**Exercise instructions:** A partial copy is required: transcribe exactly the lines from the one containing "Sooyung Comic Shop Raw - Chapter 1 Page 4" through the last line below, without any pictures.

**Collected material:**
- Opening Delimiter -

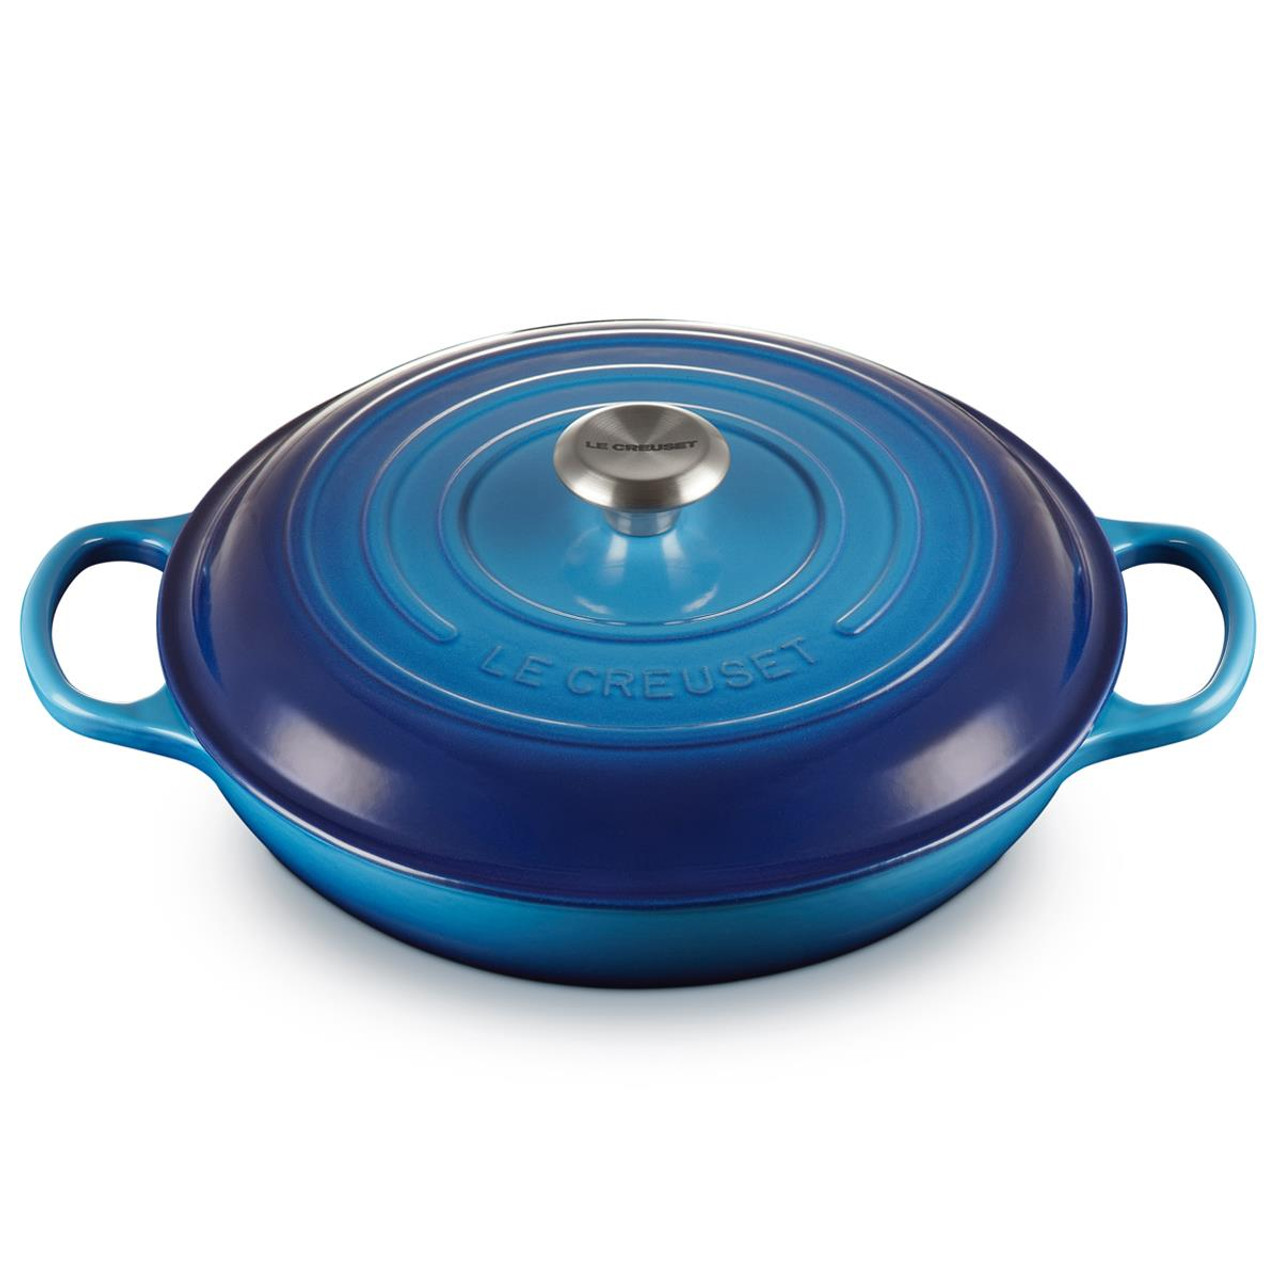 How to clean a Le Creuset Shallow Casserole dish?
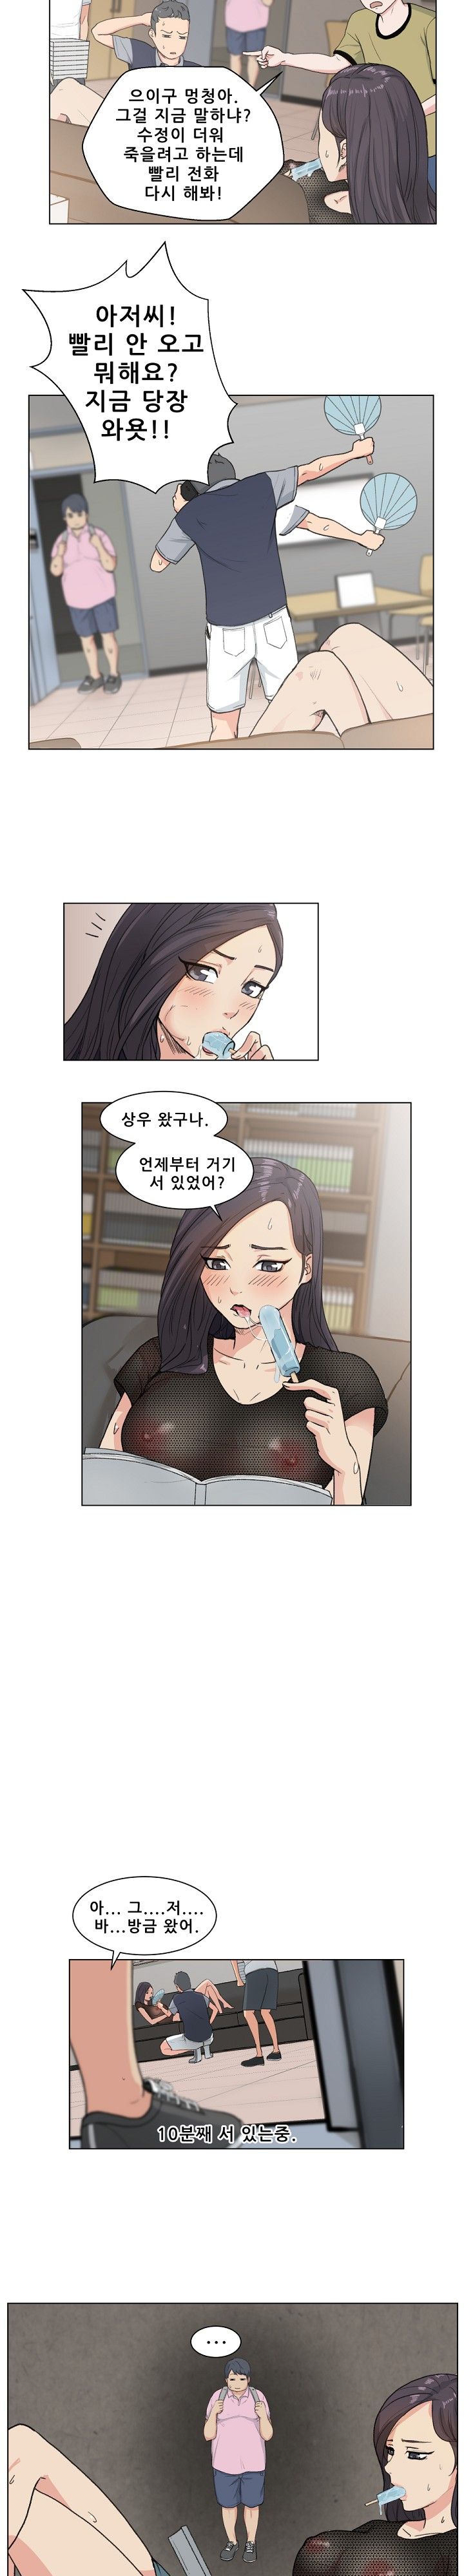 Sooyung Comic Shop Raw - Chapter 1 Page 4
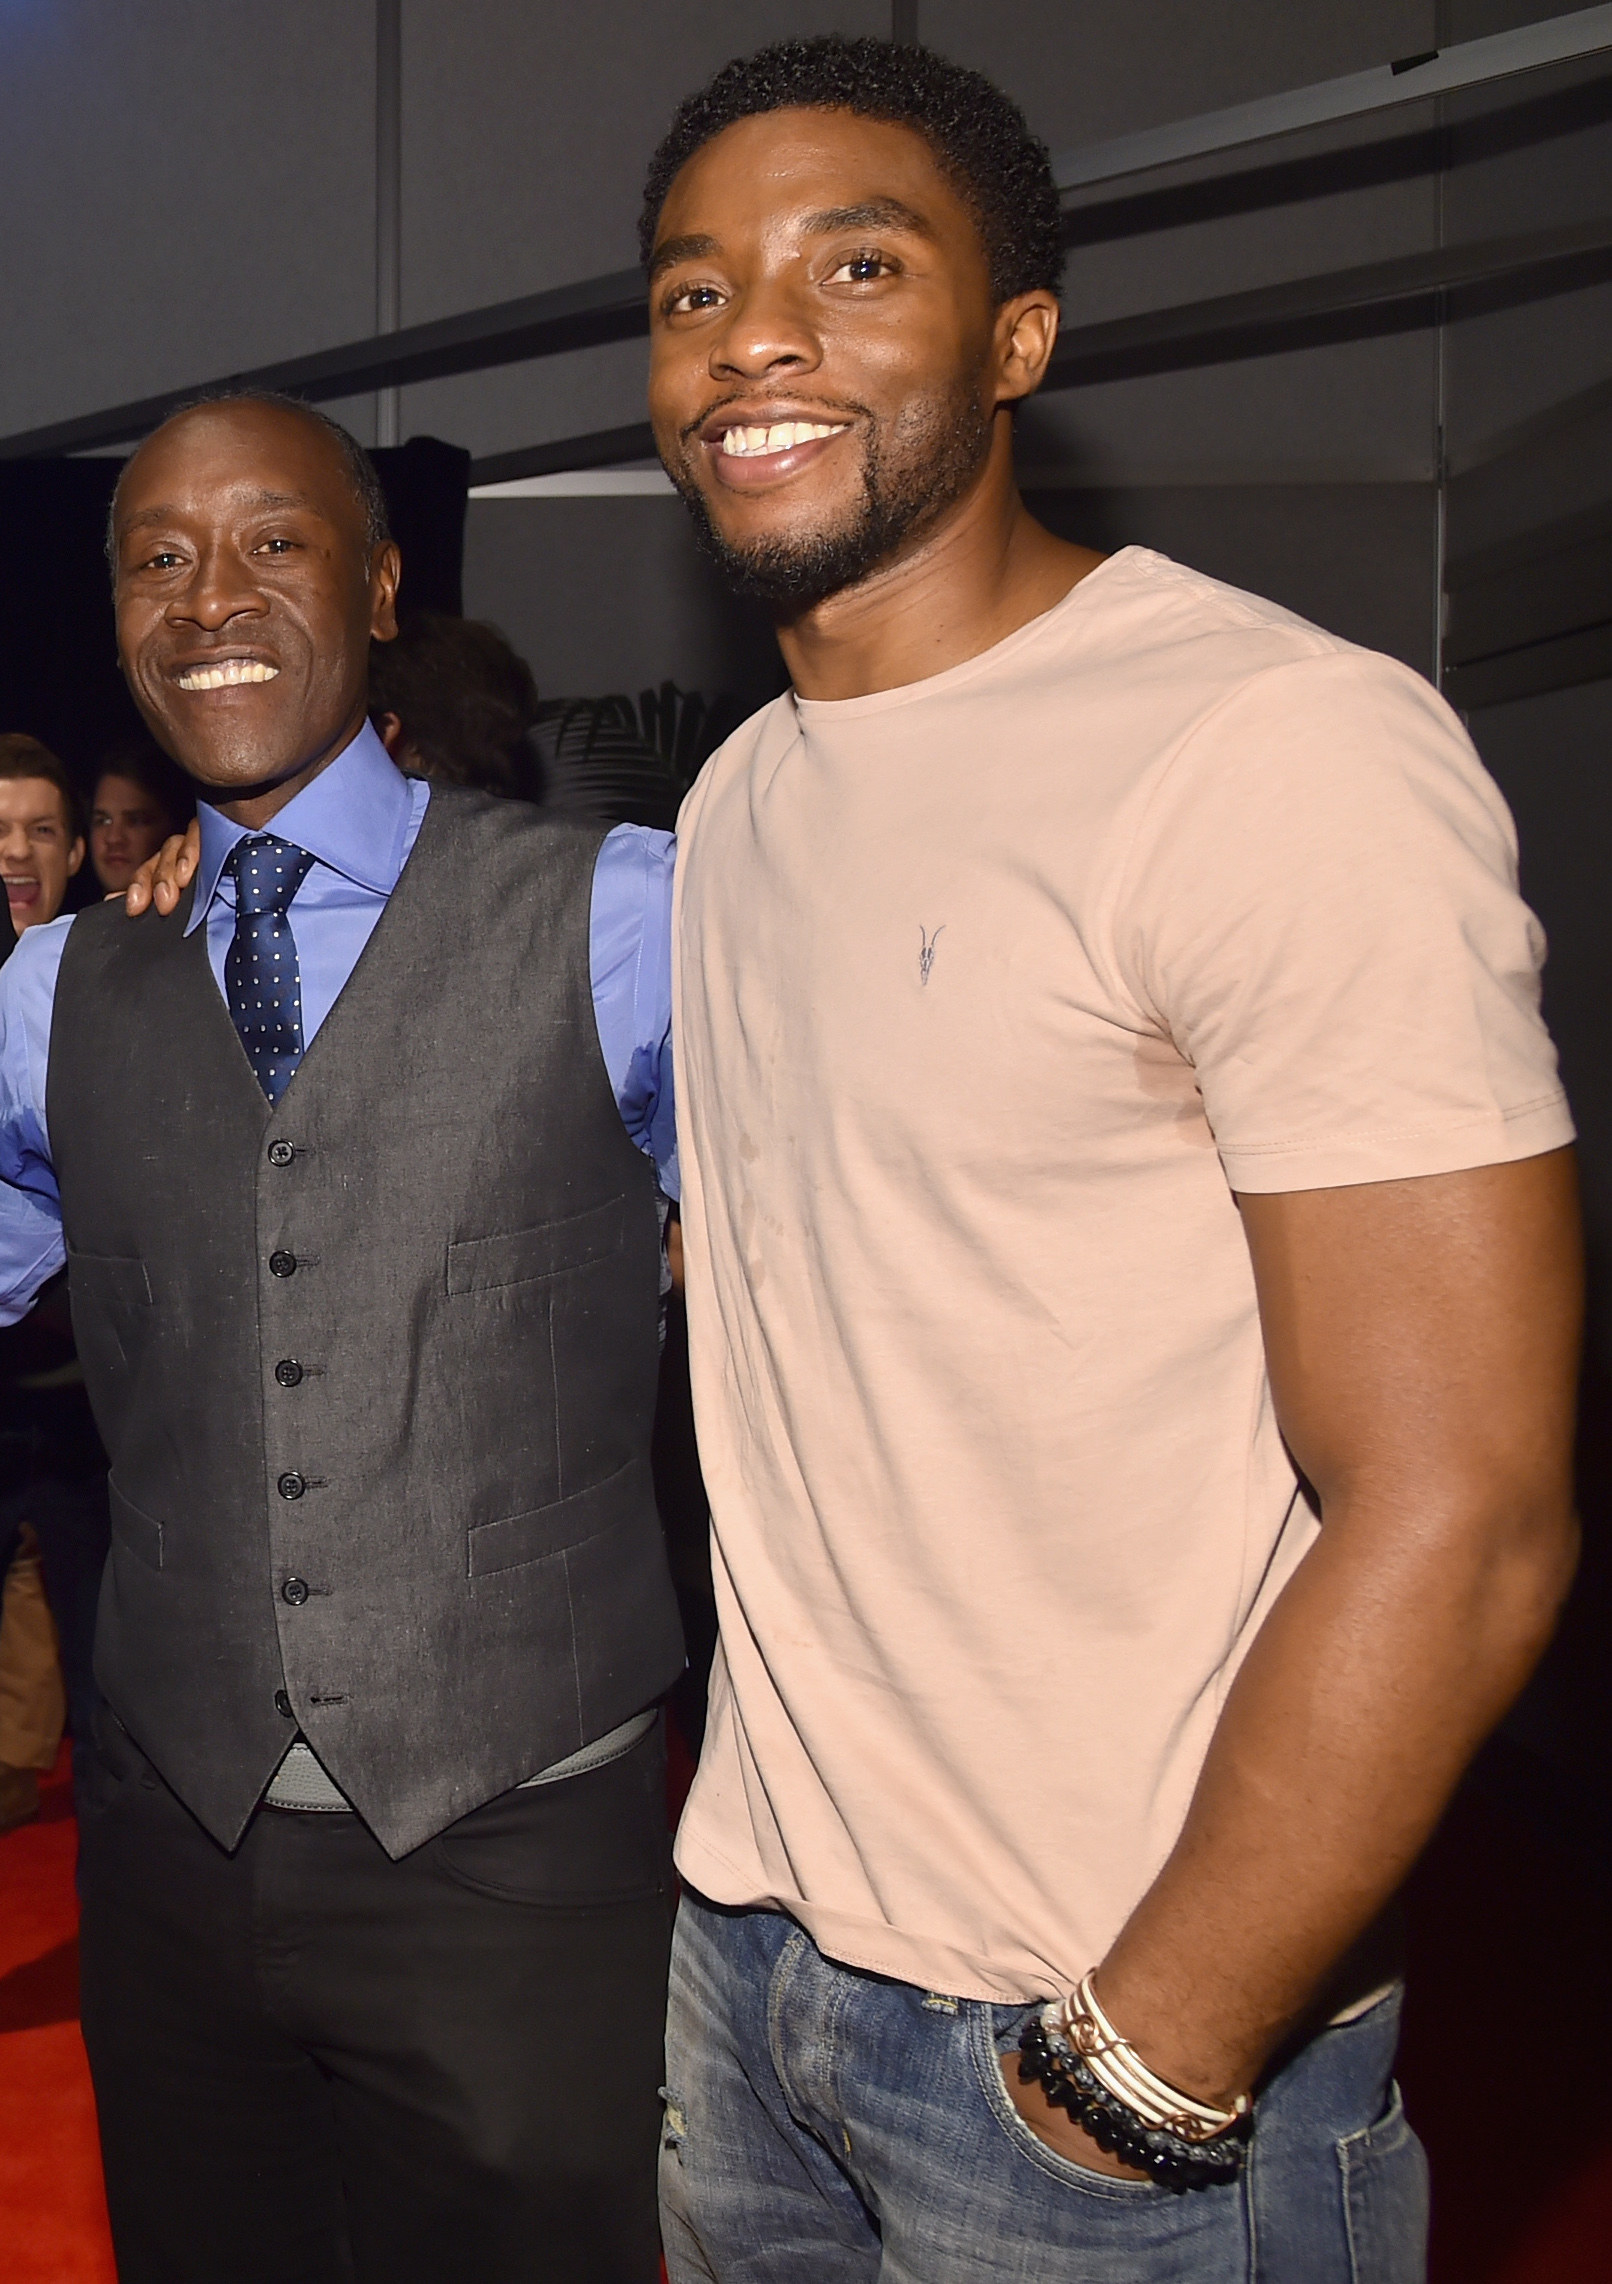 Don Cheadle and Chadwick Boseman pose together for a photo

- Closing Delimiter -

**The completed task:**
 Sooyung Comic Shop Raw - Chapter 1 Page 4
 Don Cheadle and Chadwick Boseman pose together for a photo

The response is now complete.